Our civilization, says Toynbee, is in its time of troubles (he dates them from the wars of the Reformation), perhaps toward the end of them. He finds bleak comfort in the thought that as yet no universal state has been imposed despite Napoleon's attempt, and two attempts by the Germans. But from the vast design and complex achievement of A Study of History one hopeful meaning stands out: not materialist but psychic factors are the decisive forces of history. The action takes place within the amphitheater of the world and the flux of time; the real drama unfolds within the mind of man. It is determined by his responses to the challenges of life; and since his capacity for response is infinitely varied, no civilization, including our own, is inexorably doomed. Under God, man, being the equal of his fate, is the measure of his own aspiration.
Says Toynbee (near the end of the one-volume edition): "This chapter itself was written on the eve of the outbreak of the General War of 1939-45 for readers who had already lived through the General War of 1914-18, and it was recast for republication on the morrow of the ending of the second of these two world wars within one lifetime by the invention and employment of a bomb in which a newly contrived release of atomic energy has been directed by man to the destruction of human life and works on an unprecedented scale.

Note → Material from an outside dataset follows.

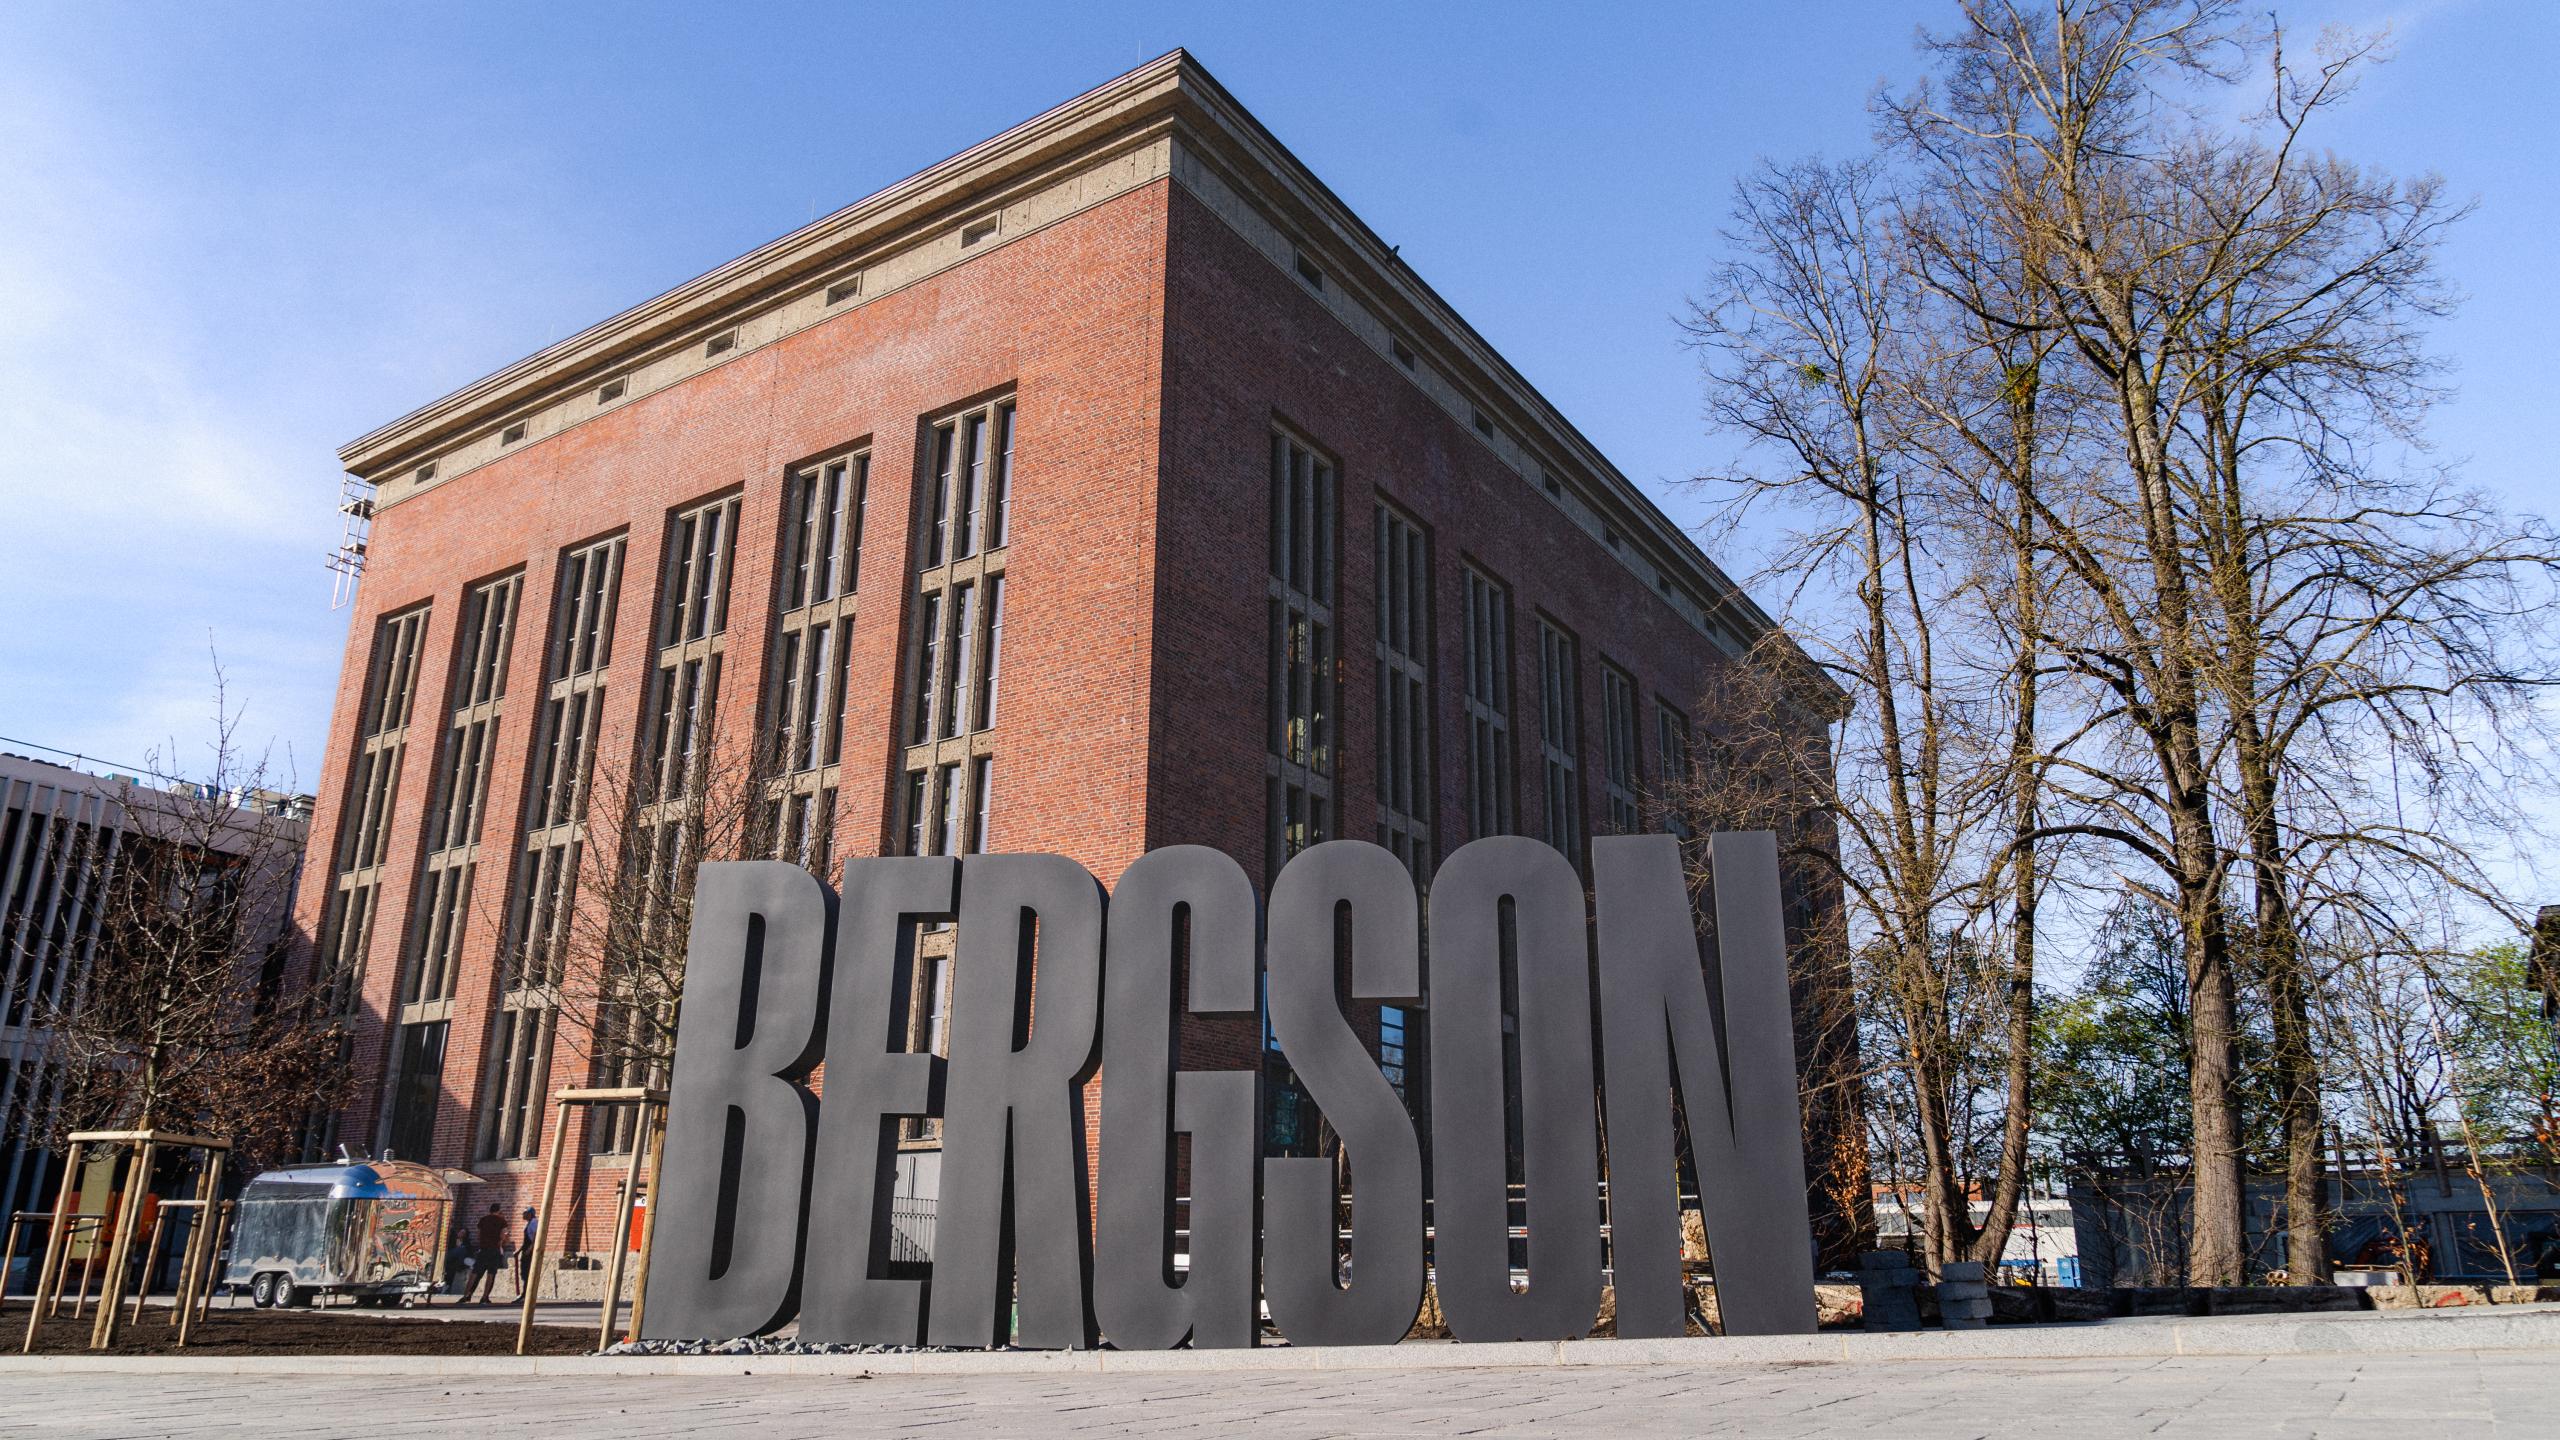 Bergson Kunstkraftwerk Aussen mit Schriftzug

"This swift succession of catastrophic events on a steeply mounting gradient inevitably inspires a dark doubt about our future, and this doubt threatens to undermine our faith and hope at a critical eleventh hour which calls for the utmost exertion of these saving spiritual faculties. Here is a challenge which we cannot evade, and our destiny depends on our response."
/- Oxford University Press; $40.50. Next week Oxford will publish a one-volume abridgment edited by D. C. Somervell and revised by Professor Toynbee. In its 589 pages, readers will find Toynbee's argument stripped to its essentials.
* In 1913, Toynbee allied himself with another British scholarly dynasty by marrying the daughter of Professor Gilbert Murray, famous classical scholar and the Swinburnian translator of Euripides and other Greek dramatists. They had three sons, of whom the best known is Philip Toynbee, novelist (School in Private, The Barricades) and reviewer for British magazines like Horizon, Contact and others. Shortly after World War II, Toynbee and Rosalind Murray were divorced. Toynbee then married Veronica Boulter, for many years his secretary and researcher.
* He served in a similar capacity at the recent Foreign Ministers conference in Paris.